Jake sat on his knees, gasping for air. He looked up at the boys. This time he saw the rage in their red eyes. A seven years old boy was holding the shovel above his head. He felt paralysed and too heavy to move before the shovel smashed the back of his head.
Warden Dixon entered the lab, followed by Senator Gibbs. A tall bearded man with a long white coat and thick glasses was standing in front of some monitors. When the door opened, he turned around and fixed his tie. The senator approached the man and gave him a firm handshake. “Senator Gibbs, please meet Doctor Marius Walther,” the warden introduced the two men, “Doctor Walther is our Chief Medical Technology Officer, and as the founder and architect of IICF – the Immobilised Inmates Correctional Facility, he will tell you about the experiment.”
The senator followed the doctor who stopped in front of two metal boxes in the size and shape of a coffin.
“We use two test subjects in the final stages of the experiment,” the doctor started his orientation, “after injecting the subject with Neuromuscular-blocking and induced semi-coma drugs, we put him inside a cell pod, which provides the subject with mechanical ventilation, nutrition, brain neuro-signals decoder/encoder and virtual reality headset.”
“Is he in a coma? Can he feel anything?” the senator asked and watched the signals displayed on the monitor.
“The subject’s body is paralysed, but his brain is active,” the doctor said. “He is not aware of his real surroundings, but we can program his mind to feel a different virtual environment. In his mind he is wide awake and vital, he can feel with all five senses whatever we want him to experience, and the virtual environment feels very real to him.”
“I have heard you lost one of the inmates. Please tell me about that,” the senator said and looked into the doctor’s eyes.

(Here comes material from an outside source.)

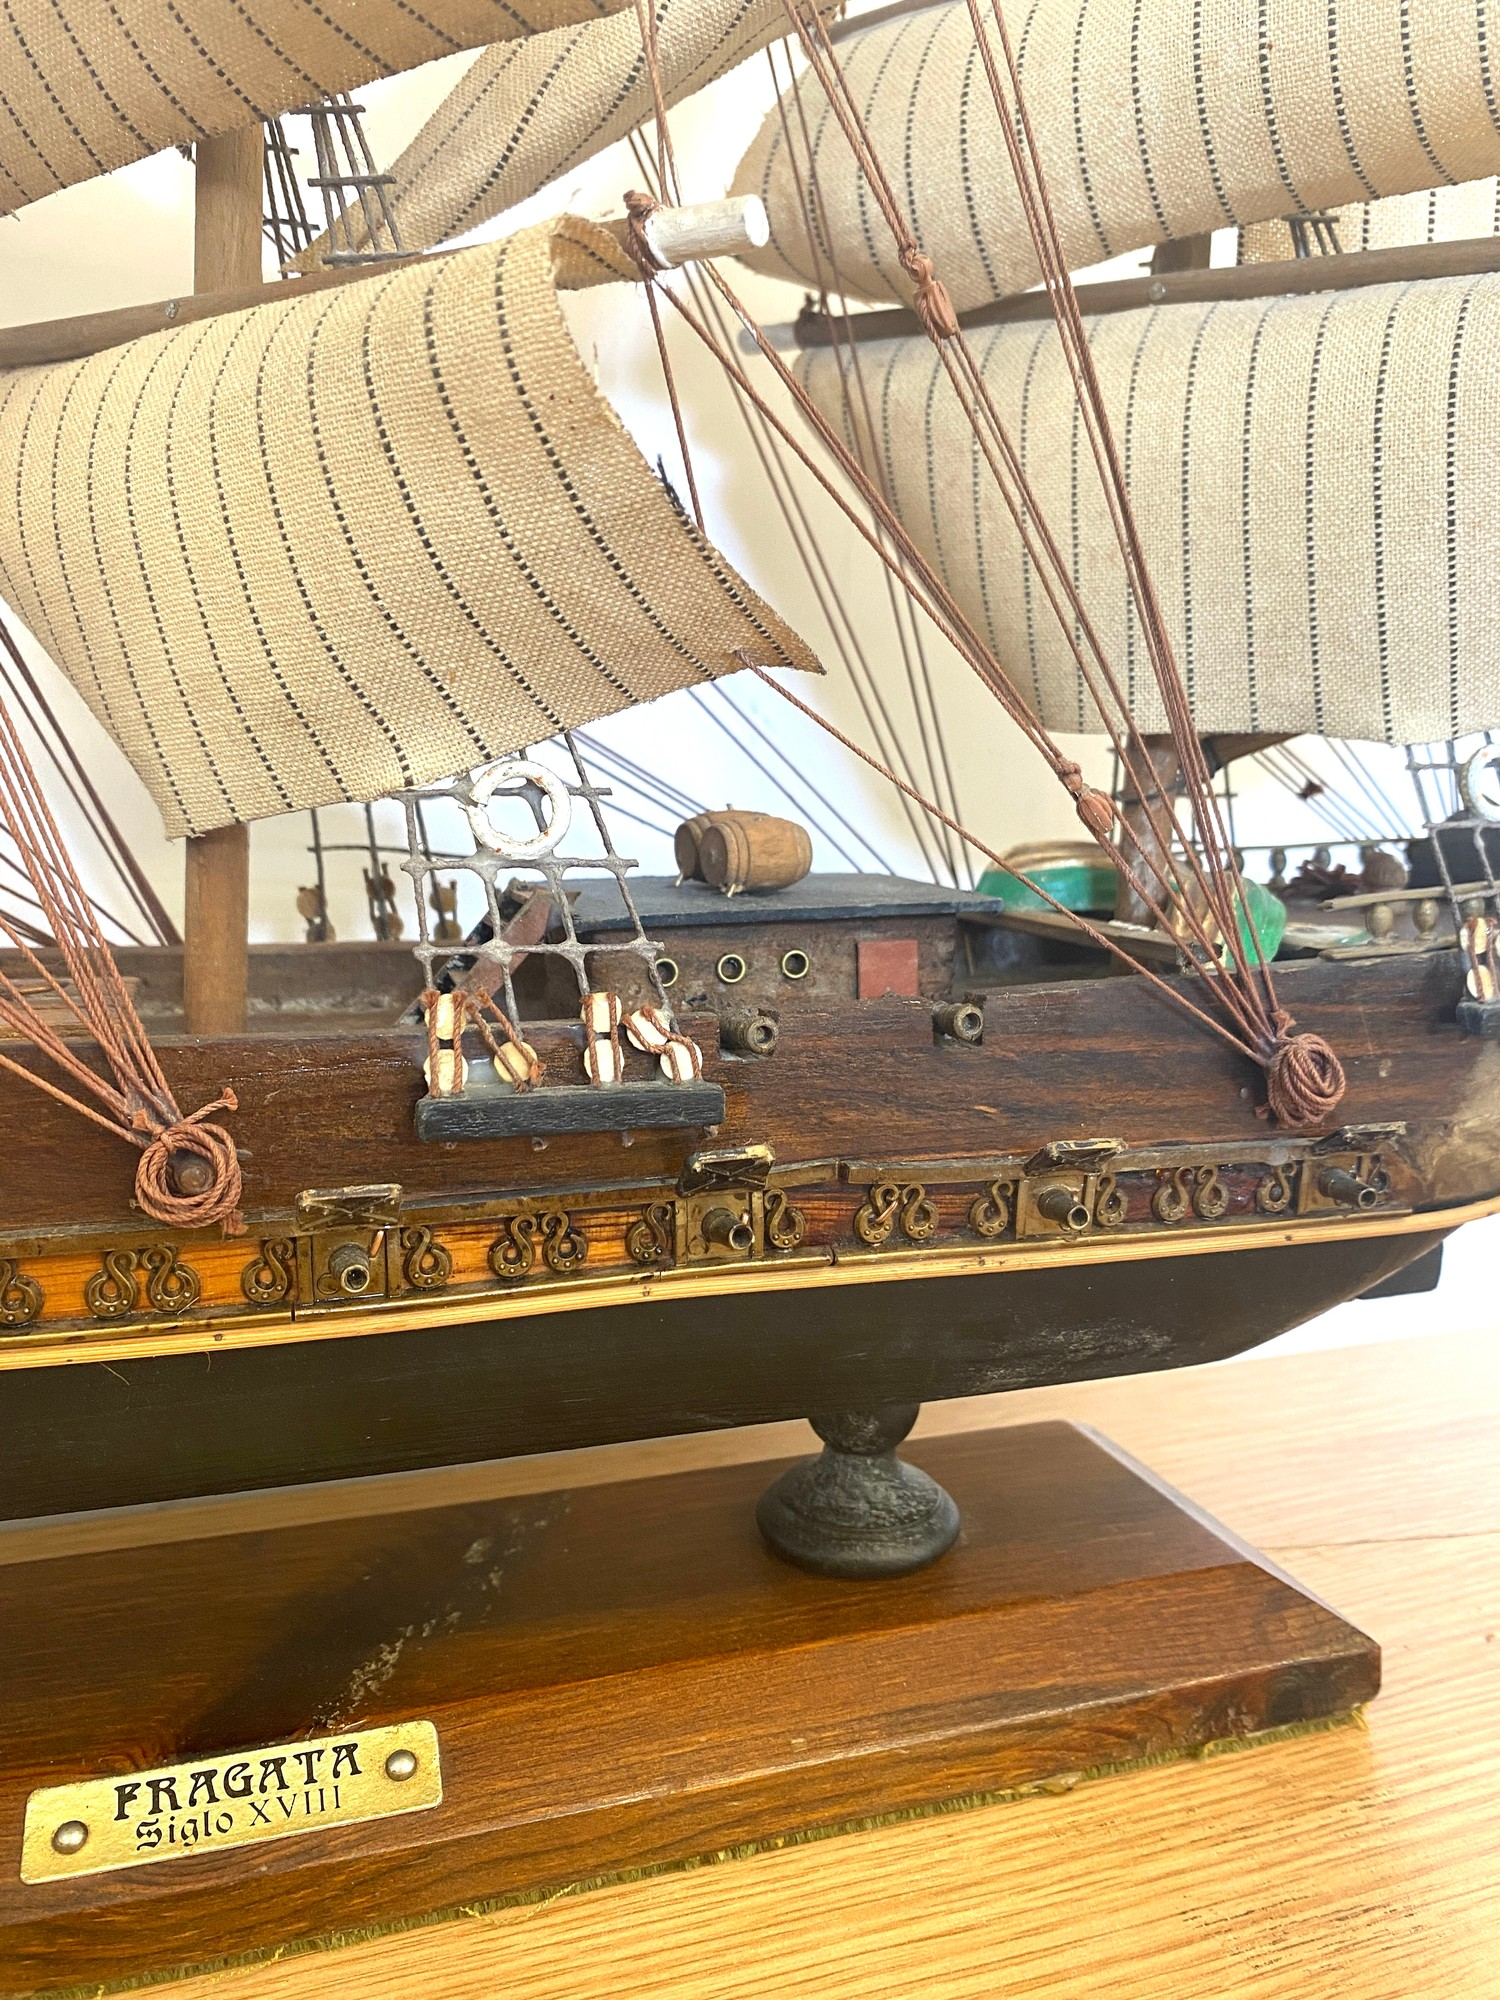 Model galleon Fragata siglo - Image 3 of 4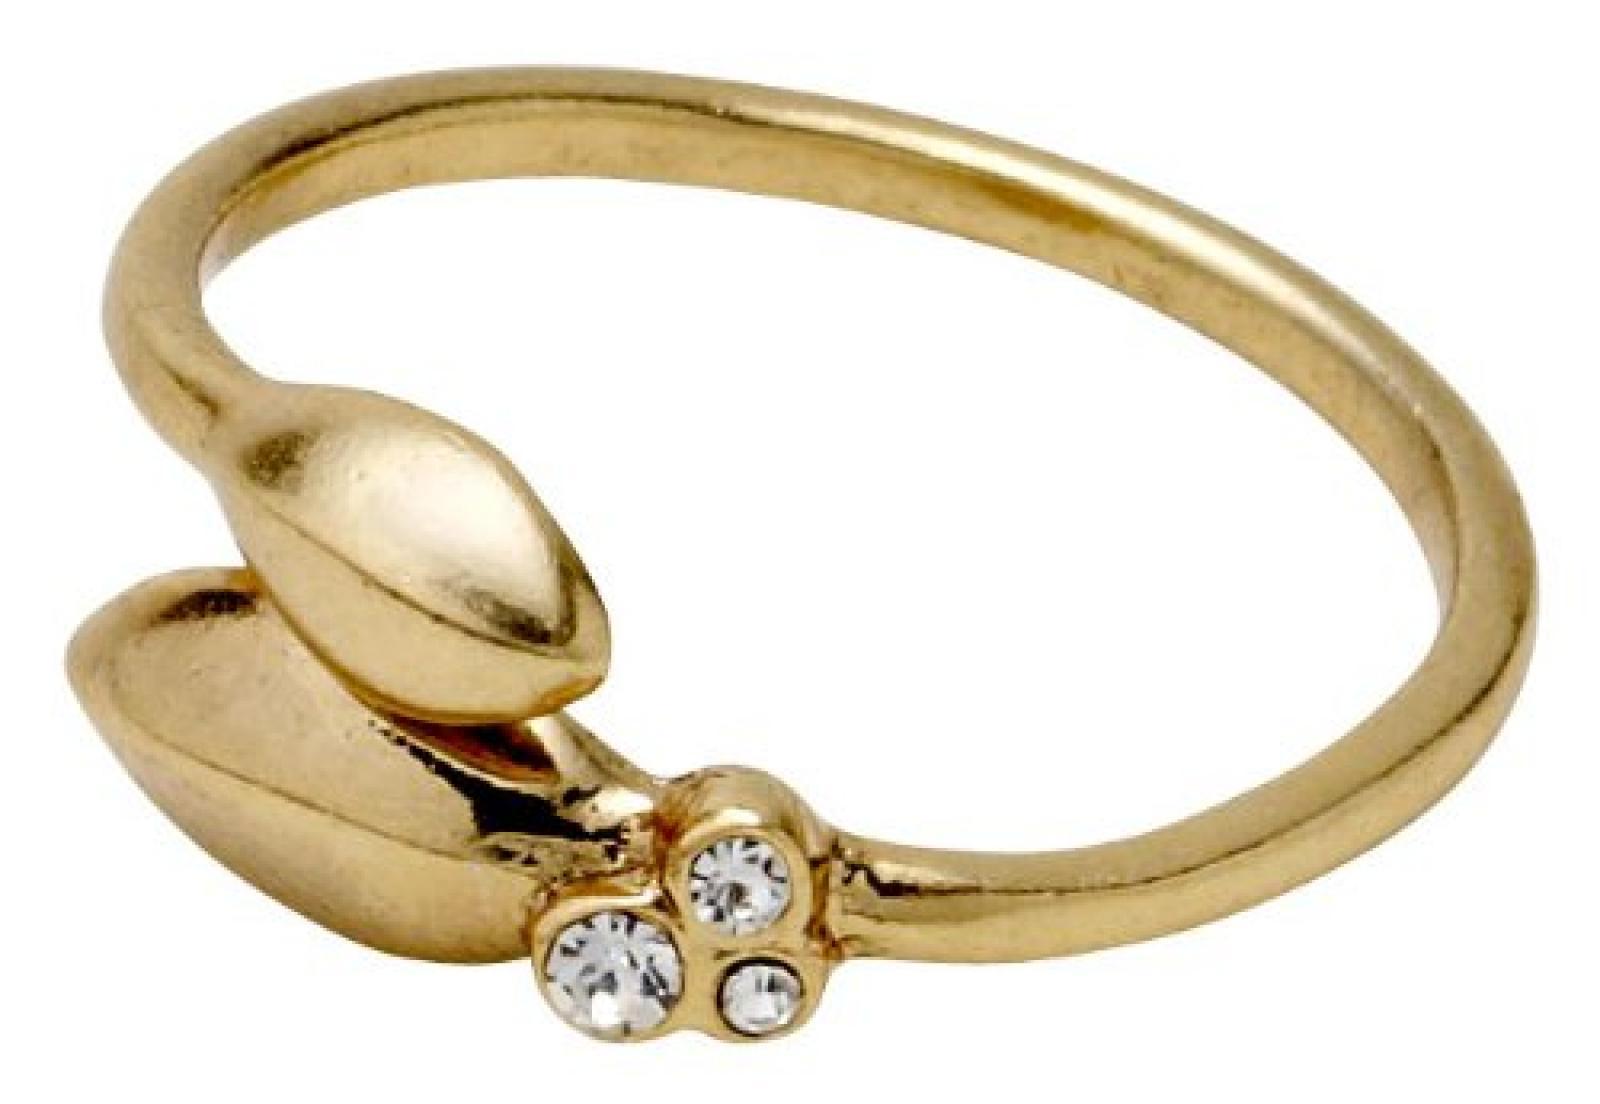 Pilgrim Jewelry Damen-Ring Messing Kristall Glaskristall Clarity weiß Gr. 161342004

“Yes, well…” the doctor stammered, “We put our first subject in a total void environment, an empty dark room, in complete solitude. After a few weeks, his body was flooded with stress hormones and inflammation. Eventually, his brain collapsed and died. We put another subject in his environment to keep him company, but it was too late for him. we have learned the harmful effect of solitude and despair, so now we put the inmates in groups and provide them with a sense of hope and challenges.”
“Who are the test subjects?” the senator asked and looked back at the cell pods.
Warden Dixon came forward and pointed at the left pod. “In here lies Anthony Giordano, a serial killer and a rapist. He was sentenced to twenty-four life sentences for kidnapping, raping and murdering of twenty-four women in his Midwest farm two years ago.” The warden pointed at the right cell pod and continued, “And here lies Jake Dudley, a known pedophile. He was sentenced to five life sentences for kidnapping and molesting of children, four of them were found dead in his summer cabin.”
The senator turned to the warden and said, “before we are moving two thousand maximum-security convicts from Attica Prison to this facility, we need to prove the Supreme Court that we are treating the inmates fairly, and the public would like to make sure they are paying for their crimes and not sleeping calmly through their sentence period.”
“Oh, trust me,” said the doctor, “they are paying for their crimes.”
Jake woke up laying on a cold hard concrete floor. He opened his eyes and looked around, but it was pitch black.